Di antara gunduk-gunduk bukit yang berselimut rumput itu terselip sebuah jeram. Untuk mencapainya saya harus merosot turun menyusuri petak-petak rumput yang curam nyaris vertikal. Dua puluh meter dalamnya. Di bawah sana sungai kecil dengan gemericik airnya terlindung dari pekatnya kabut, mengalir dari hutan rimbun di sebalik bukit.

Tidak. Saya tidak ada minat untuk menelusuri dalamnya rimba belantara Gunung Mutis. Dalam cuaca yang tidak menentu seperti ini, hal tersebut boleh dikata terlampau beresiko. Saya hanya ingin memuaskan hasrat untuk minum dari mata air yang mengalir jernih dari selipan gunung ini dan merendam kedua kaki di ambang dingin air pegunungan yang mengatapi Pulau Timor ini.

Jeram ini terletak di sela-sela bukit, tepatnya di antara dua tebing kecil yang mengapitnya. Menuruni kedua sisi bukit sedalam lima belas meter dengan merosot pelan-pelan mungkin bukan cara yang benar namun setidaknya bagi saya itu cara paling mudah. Sampai di bawah sana saya melihat jeram yang dimaksud oleh Pak Mateos Anin, ukurannya tidak terlampau besar hanya selebar dua meter dengan air jernih yang senantiasa mengalir riang.

Saya melepas alas kaki kemudian merentangkan kedua kaki untuk menapak pada kedua batu yang jaraknya selebar bahu. Kemudian merunduk dan menciduk air dengan kedua tangan. Dingin.

Jauh di hadapan saya terhampar hutan lebat dengan pepohonan rimbun yang dibelah oleh sungai kecil tadi. Entah airnya mengalir hingga ke mana, barangkali jauh ke bawah sana. Saya duduk di atas sebuah batu besar, melepas lelah, sembari merendam kedua kaki di tengah dinginnya aliran air yang membuat kedua kaki ini nyaris mati rasa.

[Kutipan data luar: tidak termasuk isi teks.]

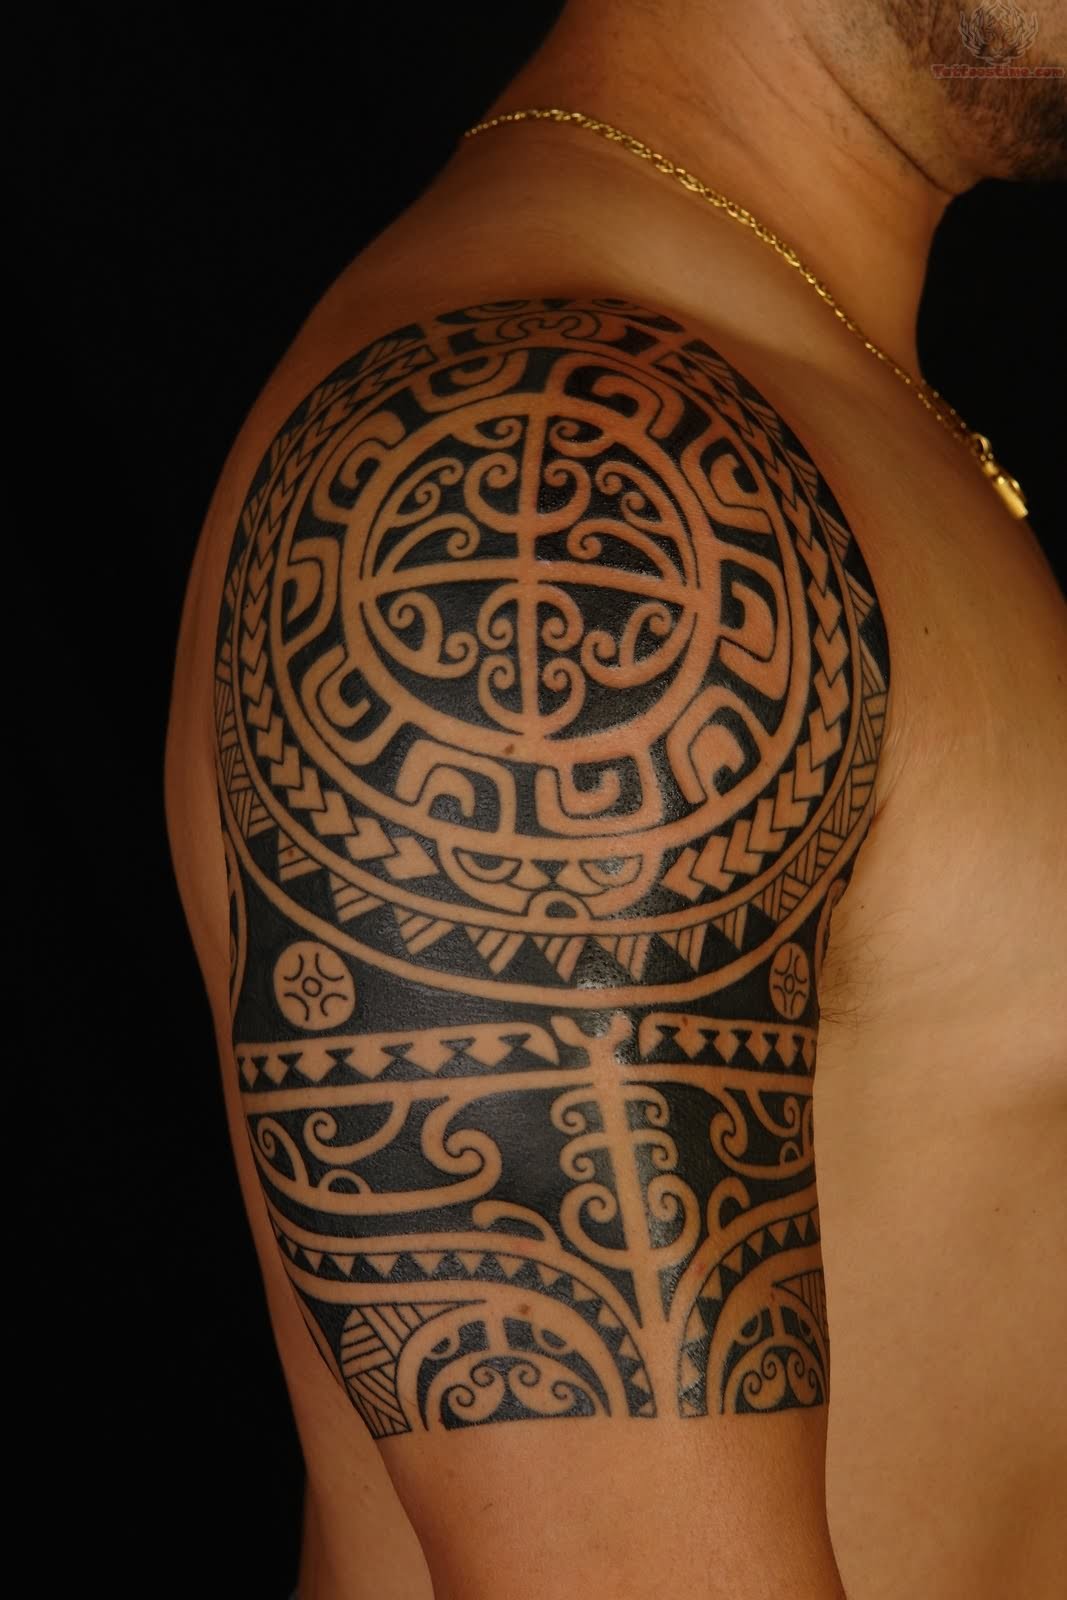 Hawaiian tattoo on arm

Tidak jauh dari saya, Pak Kapolres bersama Pak Mateos Anin nampak sibuk menjalankan ritualnya. Saya tidak mendekat karena enggan untuk mengusik, namun dari kejauhan saya bisa melihat ritualnya serupa dengan adat Hindu di Bali yang mana sesajen dalam bentuk piring anyaman daun pisang diletakkan di ambang mata air.

Gemericik air adalah satu-satunya yang memecah keheningan Mutis pada siang ini, berbaur dengan udara dingin yang mencekat. Saya kembali mengambil air, membasuh wajah tiga kali, dan meneruskan perjalanan masuk ke hutan lebih dalam lagi.